Try it:
From the line with "An image of" through the line with "Double Line Outline", inclusive, return each line of the data below exactly and leave the rest out.

***** Given entries *****

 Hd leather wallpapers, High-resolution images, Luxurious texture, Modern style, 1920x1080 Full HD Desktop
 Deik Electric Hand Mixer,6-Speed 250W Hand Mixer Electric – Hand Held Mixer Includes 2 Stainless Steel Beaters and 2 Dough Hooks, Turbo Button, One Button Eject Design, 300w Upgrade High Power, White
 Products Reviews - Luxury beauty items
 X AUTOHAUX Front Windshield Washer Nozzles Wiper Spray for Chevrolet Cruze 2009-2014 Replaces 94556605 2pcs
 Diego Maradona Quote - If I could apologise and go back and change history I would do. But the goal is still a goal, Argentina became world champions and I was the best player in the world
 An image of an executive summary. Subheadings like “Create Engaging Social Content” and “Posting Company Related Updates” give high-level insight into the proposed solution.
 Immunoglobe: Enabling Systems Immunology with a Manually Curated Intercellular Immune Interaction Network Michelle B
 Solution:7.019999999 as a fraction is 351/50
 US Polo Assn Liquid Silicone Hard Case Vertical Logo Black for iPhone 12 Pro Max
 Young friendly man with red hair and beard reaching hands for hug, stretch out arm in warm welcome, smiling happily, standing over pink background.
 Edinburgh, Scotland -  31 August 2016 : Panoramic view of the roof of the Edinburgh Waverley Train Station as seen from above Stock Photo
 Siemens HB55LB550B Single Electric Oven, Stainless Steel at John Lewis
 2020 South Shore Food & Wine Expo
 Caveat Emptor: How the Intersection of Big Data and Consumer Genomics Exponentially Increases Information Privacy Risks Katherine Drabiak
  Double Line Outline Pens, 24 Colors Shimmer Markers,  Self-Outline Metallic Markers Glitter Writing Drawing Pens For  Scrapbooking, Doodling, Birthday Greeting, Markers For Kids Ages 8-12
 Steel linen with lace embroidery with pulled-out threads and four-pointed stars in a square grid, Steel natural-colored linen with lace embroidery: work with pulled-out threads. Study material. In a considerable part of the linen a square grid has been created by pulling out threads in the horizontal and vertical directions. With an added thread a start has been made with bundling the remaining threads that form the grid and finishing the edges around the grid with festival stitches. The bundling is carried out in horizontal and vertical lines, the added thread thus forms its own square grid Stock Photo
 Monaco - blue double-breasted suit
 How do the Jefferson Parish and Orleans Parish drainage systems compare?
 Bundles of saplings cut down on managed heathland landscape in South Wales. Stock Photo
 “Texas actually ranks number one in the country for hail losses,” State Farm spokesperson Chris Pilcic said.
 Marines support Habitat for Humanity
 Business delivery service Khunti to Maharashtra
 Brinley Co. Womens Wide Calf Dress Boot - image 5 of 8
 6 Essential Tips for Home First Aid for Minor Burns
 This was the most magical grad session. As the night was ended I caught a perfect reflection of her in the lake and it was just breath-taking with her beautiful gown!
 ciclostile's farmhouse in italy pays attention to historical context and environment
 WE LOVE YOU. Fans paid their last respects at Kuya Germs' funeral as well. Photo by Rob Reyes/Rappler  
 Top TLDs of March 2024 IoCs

*****

Answer space:
 An image of an executive summary. Subheadings like “Create Engaging Social Content” and “Posting Company Related Updates” give high-level insight into the proposed solution.
 Immunoglobe: Enabling Systems Immunology with a Manually Curated Intercellular Immune Interaction Network Michelle B
 Solution:7.019999999 as a fraction is 351/50
 US Polo Assn Liquid Silicone Hard Case Vertical Logo Black for iPhone 12 Pro Max
 Young friendly man with red hair and beard reaching hands for hug, stretch out arm in warm welcome, smiling happily, standing over pink background.
 Edinburgh, Scotland -  31 August 2016 : Panoramic view of the roof of the Edinburgh Waverley Train Station as seen from above Stock Photo
 Siemens HB55LB550B Single Electric Oven, Stainless Steel at John Lewis
 2020 South Shore Food & Wine Expo
 Caveat Emptor: How the Intersection of Big Data and Consumer Genomics Exponentially Increases Information Privacy Risks Katherine Drabiak
  Double Line Outline Pens, 24 Colors Shimmer Markers,  Self-Outline Metallic Markers Glitter Writing Drawing Pens For  Scrapbooking, Doodling, Birthday Greeting, Markers For Kids Ages 8-12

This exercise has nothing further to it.